А я мечтал о той поре, когда выпадет снег. Нет-нет, ничто в моих планах не было с ним связано, решительно ничто.

Просто однажды, когда бригада ушла на работу, а мне суждено было лежать в одиночестве, я сказал себе: «Пойду по первопутку!»

И ведь верил, что так и будет. И еще верил, что человеку очень важно,— может быть, важнее всего остального,— знать, что задуманное им непременно сбудется.

Черноглазая Борисова подружка Лариса каждый день приносила мне газеты, журналы, а если были — и письма. Катины письма. Они дышали скрытой тревогой неведения. Катя ни на что не жаловалась — ни на свои болезни, ни на одиночество,— она только спрашивала: когда же мы начнем жить по-людски, когда я перестану бродяжничать? Сколько можно? Вырастет внучка — признавать не будет.

Нет, Катя не отговаривала меня: дескать, бросай свою дурацкую командировку и возвращайся-ка домой. Просто она, как всегда, с шуточкой-усмешечкой говорила: вот я тебе выложу все, что думаю по этому поводу, а там смотри сам. Не маленький.

Не было прежде в Катиных письмах таких интонаций, не помню что-то. Я все отчетливее понимал: вот она и подошла, наша печальная старость. Молодость ненасытно требует новизны впечатлений, может быть, это одно из главных ее свойств: жажда узнавания. Новые люди. Новые заботы. Новые места. Не таковы годы пожилые: страсть к перемене мест успела охладеть. В знакомствах, порой даже без пашей воли к тому, появляется избирательность, в делах — дальновидная осмотрительность.
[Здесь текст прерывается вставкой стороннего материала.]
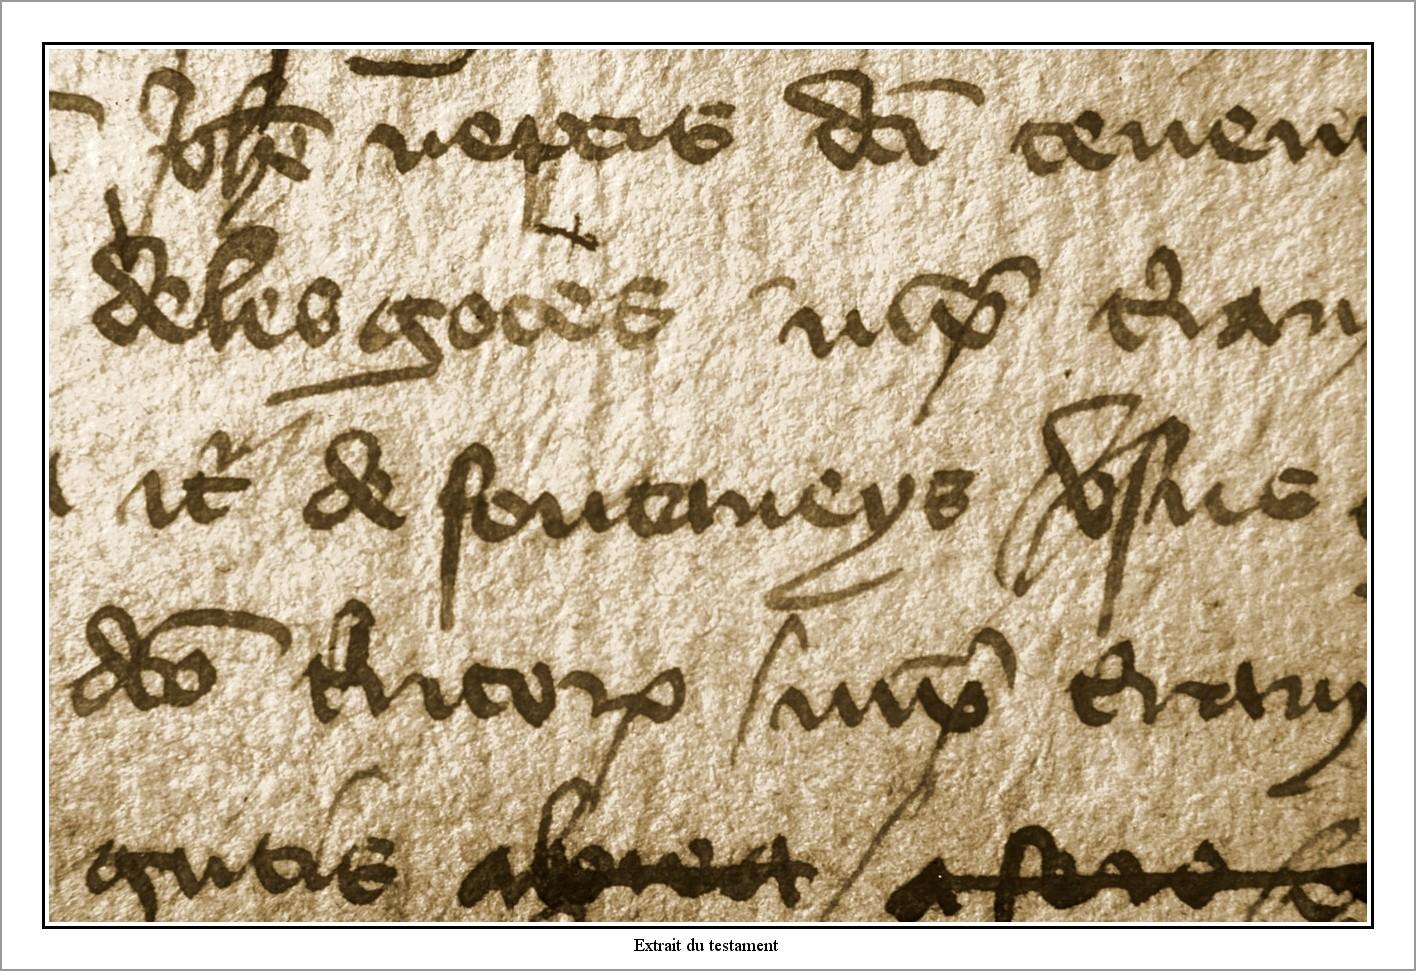 Extrait du testament de Etienne de Saint Priest mort en 1321-nano-BorderMaker.jpg

Во всяком случае, перечитывая Катины письма, я теперь все чаще задумывался: а ведь дальше все острее нам будет не хватать друг друга, тягостнее станет одиночество.

И все-таки я не успокаивал Катю и ничего не обещал: я знал — мое со мной. Навсегда.

Иногда заглядывала ко мне тонконогая, стройная, со своей роскошною косою Анюта. Просто так, без всякой цели. Вернее, это она так объясняла, что захаживает ко мне: как, мол, я и не нуждаюсь ли в чем? Но мы-то видели, мы-то понимали, кого ищет она встревоженным взглядом. Лукин сокрушенно покачивал головой, но молчал: дело молодое, тонкое.

К восьми утра бригада уходила на работу. На тумбочке, возле кровати, мне оставляли еду-питье на весь день. И я лежал один со всеми своими мыслями и с блокнотом до половины двенадцатого, когда в барак заглядывала Галина Сергеевна — мой суровый эскулап.

У нее был такой вид, словно она хотела сказать: «Ну-ну. Вы тут делаете глупости, а я должна о вас тревожиться». Она хмурила брови, потом долго грела дыханием пальцы и только после этого подсаживалась ко мне, замкнуто недовольная. Медленно, чутким пальцем, сверху вниз и снизу вверх она ощупывала мою ногу:

— Тут больно? А тут? А вот тут?

Что-то ей в моем состоянии не нравилось.

— Впрочем, вы ведь спартанец. Вам если и больно, вида не покажете.

— Ну какой же я спартанец, помилуйте!

— Ладно уж...

Она хмурилась, тонкие брови у нее сходились на переносице, взгляд делался, как ей казалось, ледяным, и садилась писать назначение.

— «Кому велено мяукать, пусть мяукает»,— осуждающе говорила она.— Приехали в творческую командировку и творите себе на здоровье. Никто не мешает. А геройствовать, зарабатывать медаль «За спасение утопающих»,— извините, в ваши годы это легкомыслие.

Я униженно молчал. Я ждал своего часа и верил, что он придет. И тогда — да здравствует независимость!

А ей — этой красавице с каменным сердцем,— насколько я успел понять, по характеру не были свойственны никакие сантименты.

— Спасти-то вы все равно не спасли. Только сами пострадали...

Я молчал, что возразишь,— пострадал, это уж точно.

— Вон, Захар Богачев утонул. А у него куча детишек.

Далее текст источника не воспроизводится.